I don't doubt that at all. But in order to try to be more specific, in our numbers now for Q3, if we assume one month of lagging, we would expect the spot market in that time period to be around $90,000 per day. But by just how far off are we if we were to compare it with what is actually done on a TCE basis on them of course spot voyages.
Yeah, I mean, I just guided that, you know, for the Q3 numbers, and that's obviously including the relative positions and RTC coverage. But I also mentioned our stock performance, and that was in the mid $80,000 per day so far.
Okay, okay, okay. That's very helpful. I wasn't paying any attention. I'm sorry. Thank you so much, guys.
Thank you very much. Desmond, please go ahead.
Hi. Good morning. My question was concerning the Panama Canal, which was actually just addressed by the previous question. I would like to thank Anders for being such a wonderful CEO. It was a pleasure meeting you in New York. Best of luck on your future endeavors. One thing of concern I had is the U.S. listing that you plan on doing. Is there any timeline, specific goal for that listing in 2024?
I think at the moment it's, you know, obviously we want to take our time and do things properly. So we haven't, you know, we haven't said anything specifically, but, I mean, you can assume that we are working diligently and as quickly as we can. And so, you know, it would most likely be early 2024 that we are ready.
Excellent. Thank you so much. Best of luck to you, Anders. Thank you very much.
And we have one question from the chat from Fred with Ness. He asks, how has vessel speed development been in 2023? Why has it changed and what do you expect for 2024 and 2025?
That's maybe a question for me.
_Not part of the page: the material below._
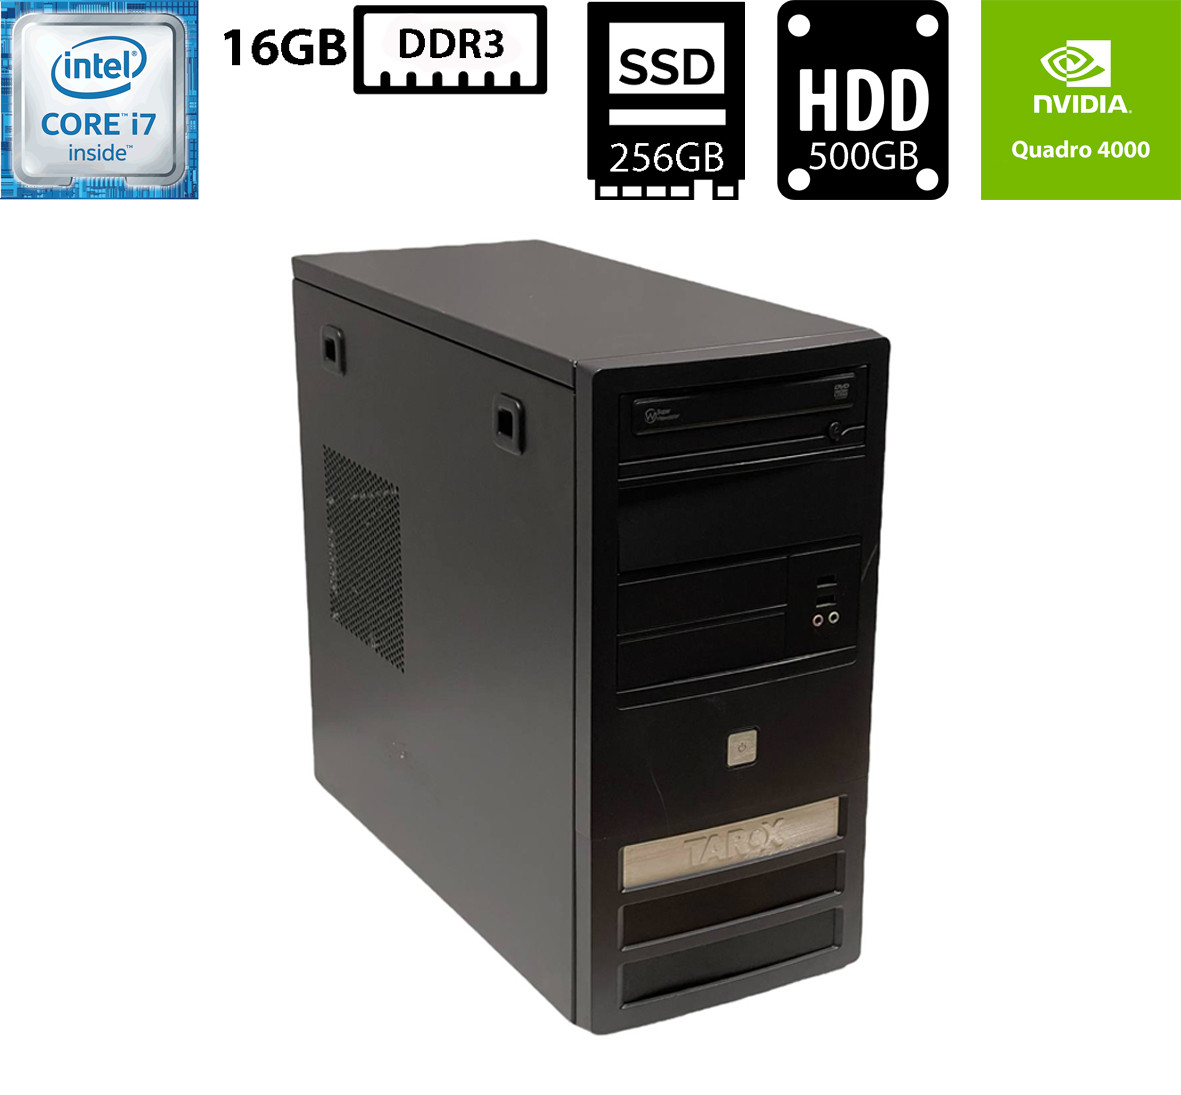 Комп'ютер Asus P8B75-M Tower/Intel Core i7-3770 3.40GHz/16GB DDR3/SSD 256GB+HDD 500GB/NVIDIA Quadro 4000 (2GB GDDR5)/400W

So far in 2023, we haven't seen any big speed reduction. I mean, I think that the average speed for the fleet is about 50 knots. uh but we do expect that and because of the uh the new regulation kicking in uh that's uh going forward 24 and 25 uh some of the well i would say 60 of the fleets will need to reduce speed in order to be uh compliant so um but uh the effects as of now we haven't seen it so Again, that's a little bit of some of the bull stories for next year is that, you know, a majority of the fleets or a big chunk of the fleet need to reduce speed.
Should you have questions, please type them into the Zoom chat box. You can also click on the raise hand button to ask your question verbally. Please note that participants have been automatically muted. Please press unmute before speaking. We have another question from the chat channel, Glenn.
I think that question disappeared.
The next question is from Matthias with UBS, and he asks, could you please comment on the increase of the voyage expenses quarter on quarter by $90 million?
Ivor, can you help me with that?
That's a good question here. I think it's mainly due to higher port costs.
Port and canal costs related to the Panama Canal.
Thank you. Should you have questions, please type them into the Zoom chat box. You can also click on the raise hand button to ask your question verbally. Please note that participants have been automatically muted. Please press unmute before speaking.
Okay, with that, then I thank all for listening in, and I wish you all a great day.
Thank you. We have come to the end of today's presentation. Thank you for attending BWLPG's second quarter and first half 2023 financial results presentation. More information on BWLPG and BW Product Services are available at www.bwlpg.com and www.bwproductservices.com respectively. Have a good day and good night.